В «Евгении Онегине» («ЕО») Пушкина также заложен символический композиционный мотив «смерти поэта» — или иносказательно «конца» того периода развития личности автора, которую он сам считает «изжитой», «отошедшей в прошлое». Эта модель также эксплуатируется в «ДЖ», но еще с большей очевидностью заявляет о себе в «Даре» Набокова. У Набокова мы имеем дело с реминисцентной схемой «смерти поэта», аналогичной смерти Ленского (его роль исполняет Яша Чернышевский), но далее в романе главный герой-поэт переходит к прозе — т. е. рождается прозаик (ср. в конце «Дара»: С колен поднимется Евгений, — но удаляется поэт…). В конце романа и в конце его первой главы даны два сюжетообразующих диалога Федора с поэтом со значимой фамилией Кончеев (от слова «конец»), которого тот считал для себя литературным «образцом». При этом, когда книга стихов Годунова-Чердынцева «кончилась» («книга лежала на столе, вся в себе заключенная, собою ограниченная и законченная» [3, 51]), выходит «Начало Поэмы» Кончеева. Последняя встреча двух героев происходит недалеко от места гибели «молодого поэта», которое очень похоже на то место в «ЕО», где находится гробовой камень «поэтического дуэлянта» Ленского с надписью «Покойся, юноша поэт». Это же «место» пушкинского романа в стихах стало позже предметом размышления Юрия в «Дневнике Живаго», и недалеко от символического «аналога» этого места стреляет в себя Стрельников, поскольку топография местности в Варыкине повторяет в «ДЖ» рельеф «ЕО» [Фарыно 1991].

Это означает, что в романе «ДЖ» также существует круг трансформаций «рождение — жизнь — смерть — воскресение» поэта, который ретроспективно проецируется на эволюцию идиостиля самого Пастернака и связан с появлением его книги стихов с символическим названием «Второе рождение», демонстрирующей, что и в сознании Пастернака идеи «конца» и «второго рождения» тесно взаимосвязаны.

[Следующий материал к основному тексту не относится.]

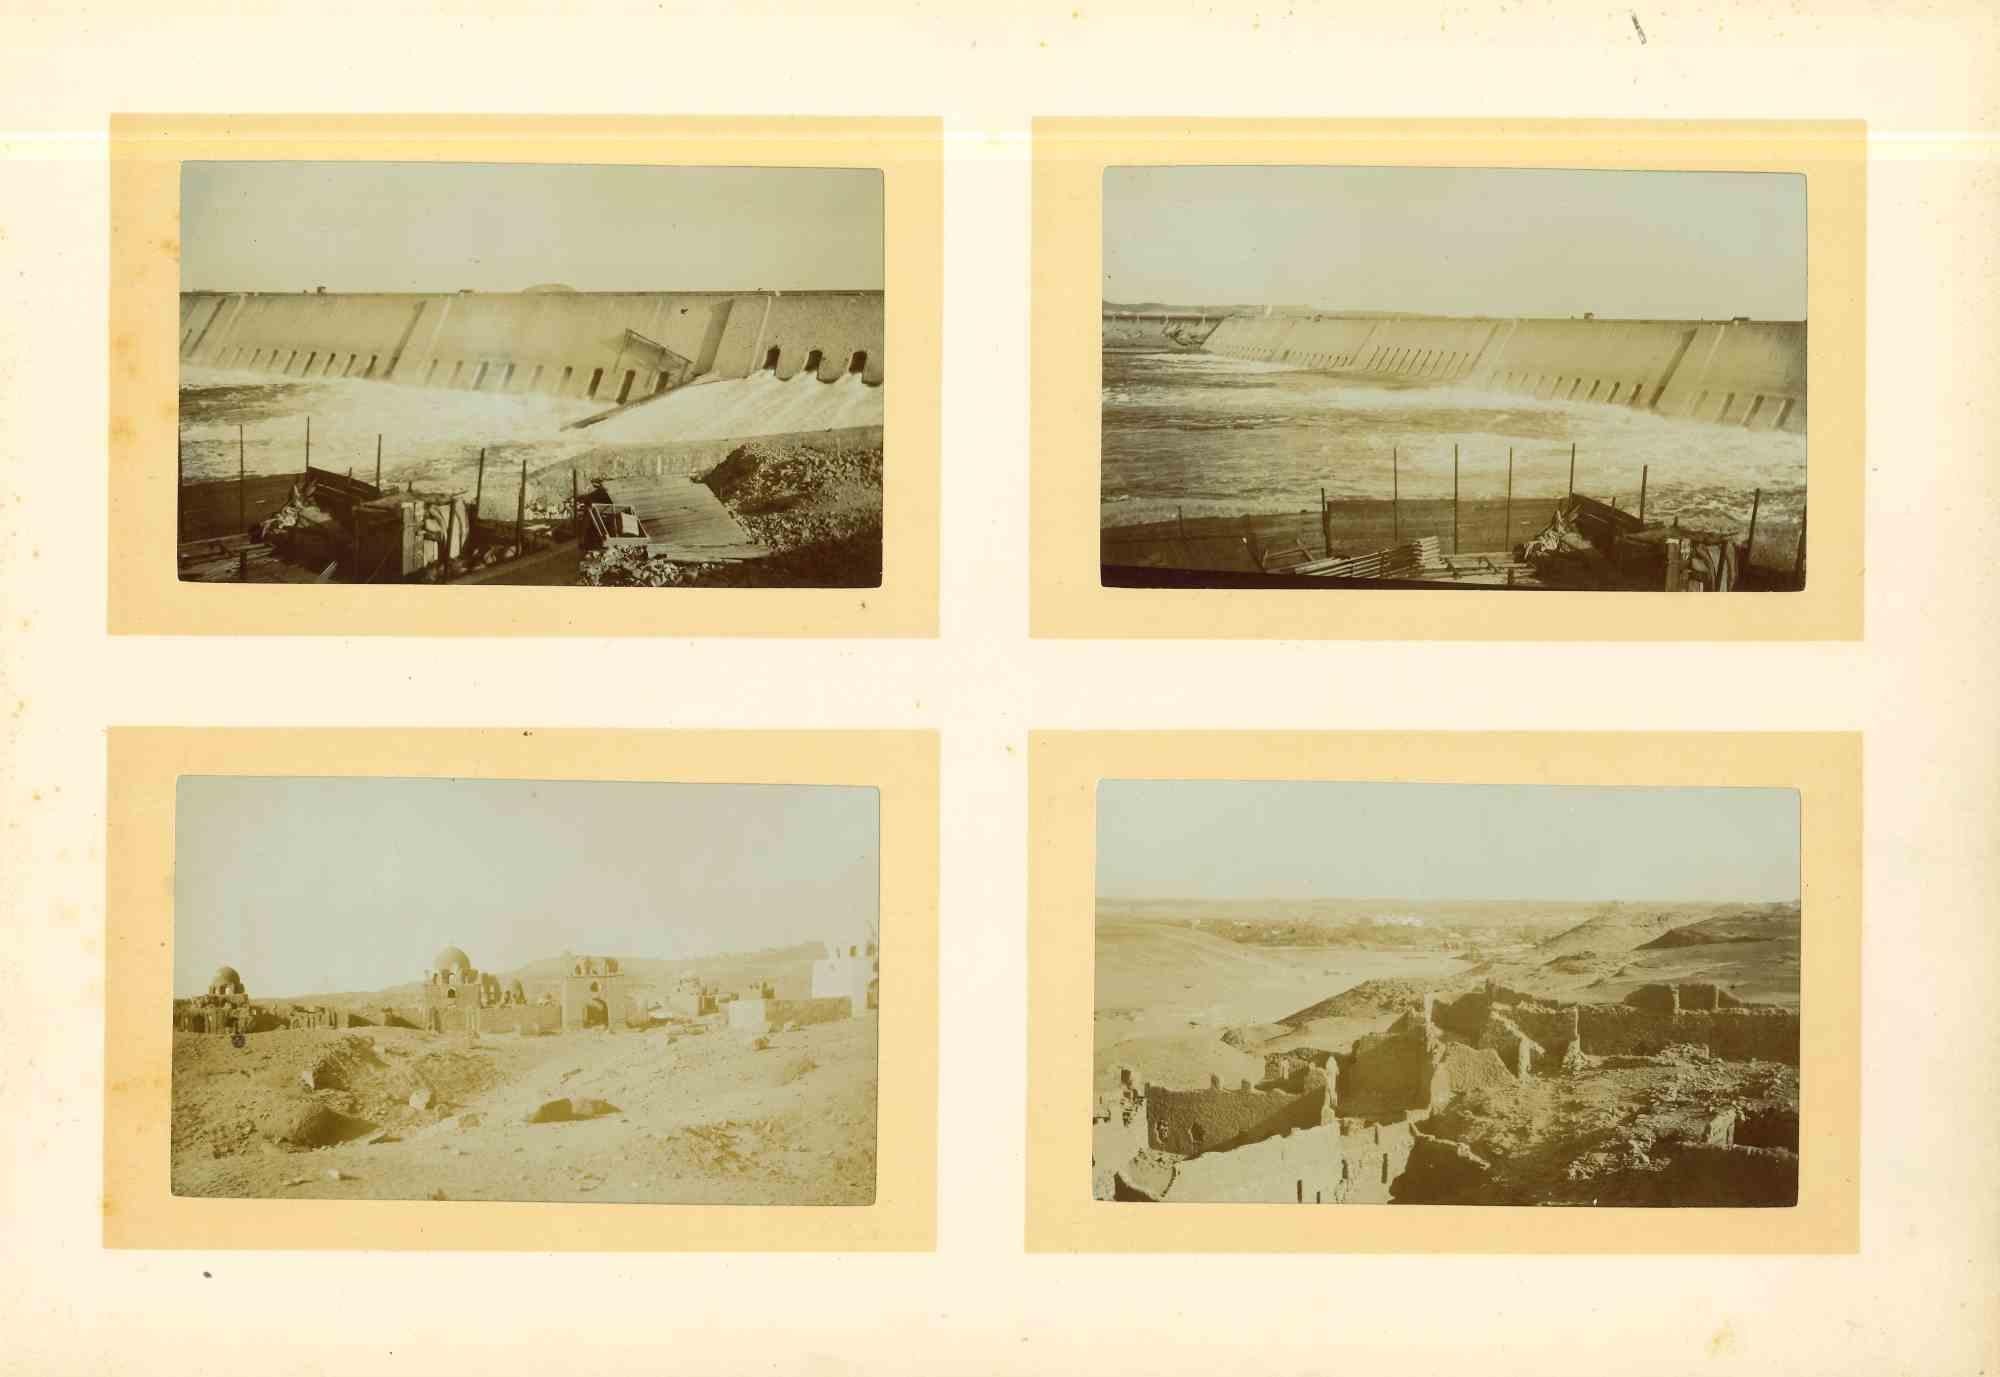 Landscape in Northern Africa - Vintage Photograph - Early 20th Century - White Figurative Photograph by Unknown

В частности, в стихотворении «Волны», открывающем эту книгу, читаем об «опыте больших поэтов», который заставляет «кончить полной немотой» (первоначально «кончить черною тоской») и «впасть к концу, как в ересь, В неслыханную простоту». Однако здесь уже «опыт больших поэтов» соотносился не только со «смертью поэта» Пушкина, но и Маяковского. Обращаясь назад к статье Пушкина о Делорме (над которой Пушкин работает почти на «столетье с лишним» раньше), можно заметить, что схема Сент-Бёва реализуется в творческой судьбе Пастернака полностью: «покойник жив и, слава Богу, здоров», и ретроспективно дата смерти Живаго — 1929 год, заданная поэтом с самого начала работы над романом, как раз означает «второе рождение» самого Пастернака. И эта дата парадоксально через век повторяет ту, когда пушкинский Белкин стал «покойным» в черновых вариантах повестей (1829). При этом день рождения Пастернака совпадает с днем смерти Пушкина (29 января по старому стилю).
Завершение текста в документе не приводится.